On July 10, 2025, Stewart Murray Lee (Head of People & Strategy) executed an open market sale of 50,000 shares of New Horizon Aircraft Ltd.(NASDAQ:HOVR), with the transaction disclosed in a Form 4 filing dated July 15, 2025.

Transaction summary

MetricValue
Shares Traded50,000
Transaction Value$89,050
Post-Transaction Value$387,180, as of July 15, 2025.
12-month Performance196%, as of July 15, 2025.

Key questions

What proportion of the insider's holdings was sold in this transaction?
The transaction represented approximately 16.8% of Lee Stewart Murray's holdings, leaving 248,194 shares after the sale.

What is the current market context for New Horizon Aircraft Ltd?
As of July 18, 2025, shares were priced at $1.74 a share. In the 12 months ended July 19, 2025, the company delivered a 190.6% total return, reflecting significant appreciation over the past year.

What is the significance of this transaction relative to recent activity?
This is the insider's first reported sale following a period of predominantly buying activity and accelerating trade frequency, with five trades in the last 30 days and six in the last 90 days.

Company overview

MetricValue
Market capitalization$65.10 million
Employees20
Revenue (TTM)$0
Net income (TTM)$10,114,000

Company snapshot

  • Develops hybrid electric vertical takeoff and landing (eVTOL) aircraft, including the Cavorite X7, targeting the regional air mobility market.
  • Operates a research and development-driven model focused on engineering and prototyping.

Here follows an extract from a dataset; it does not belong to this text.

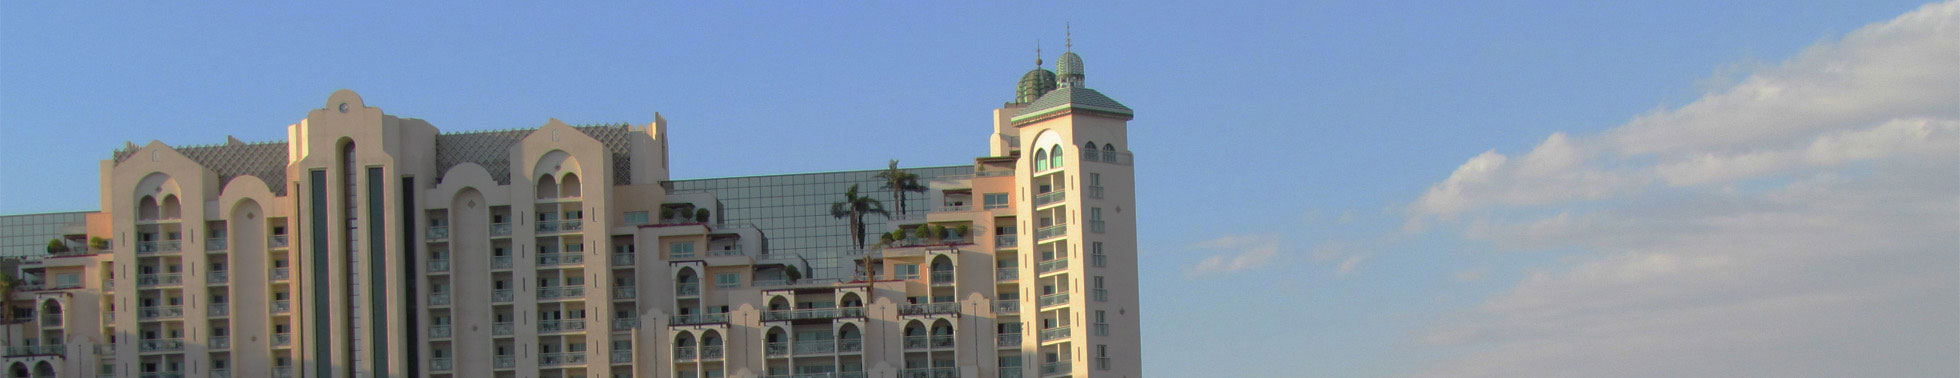 Israel Hotels Online

New Horizon Aircraft Ltd. is an early-stage aerospace engineering company specializing in hybrid eVTOL aircraft for regional air mobility. Its focus on the Cavorite X7 positions it to compete in the emerging advanced air mobility sector.

Foolish take

New Horizon Aircraft was founded in 2013. It was acquired by Astro Aerospace in 2021, was taken private a year later by its own shareholders, and eventually went public on the Nasdaq stock exchange in January 2024 through a SPAC merger.

Horizon Aircraft, as the company calls itself, is building a hybrid electric eVTOL that can quickly move people and goods within a region of 50 to 500 miles. Cavorite X7 is a 7-seater aircraft that can take off and land vertically similar to a helicopter but can fly faster, farther, and more efficiently. Emergency medical services, disaster relief, critical supplies to remote communities, military missions, and luxury travel are the key use cases for eVOTL aircrafts.

The eVOTL market has strong growth potential. Grand View Research, for instance, predicts the eVOTL aircraft market in the U.S. to grow at a compound annual growth rate of 53% from 2024 to 2030.

Horizon Aircraft currently has a full-sized prototype aircraft under construction but it doesn’t expect to deliver its first aircraft β€œuntil 2027, at the earliest, if at all.” It will take years for the Canada-based company to obtain a type certificate, production certificate, and airworthiness certificate for the Cavorite X7 from Canada’s civil aviation authority, without which it cannot sell planes commercially. The eVOTL stock, meanwhile, has surged 190% in one year and has a market cap of $65 million, as of this writing.

Glossary

Open market sale:When an insider sells company shares on a public stock exchange, not through private arrangements.
Form 4 filing:A required SEC document disclosing insider trades in a company's securities.
Insider:Company executive, director, or major shareholder with access to non-public information.
Insider's trade sizes:The number of shares an insider typically buys or sells in each transaction.
Post-transaction:The status or amount of holdings after a specific trade has been completed.
Total return:The investment's price change plus all dividends and distributions, assuming those payouts are reinvested.
eVTOL:Electric Vertical Takeoff and Landing aircraft, capable of taking off and landing like a helicopter using electric or hybrid power.
Regional air mobility:Air transportation solutions for short to medium distances, often using innovative aircraft.
Prototyping:Creating early models of a product to test concepts and designs before full-scale production.
TTM:The 12-month period ending with the most recent quarterly report.
Advanced air mobility:New aviation technologies enabling efficient, flexible, and often urban or regional air transport.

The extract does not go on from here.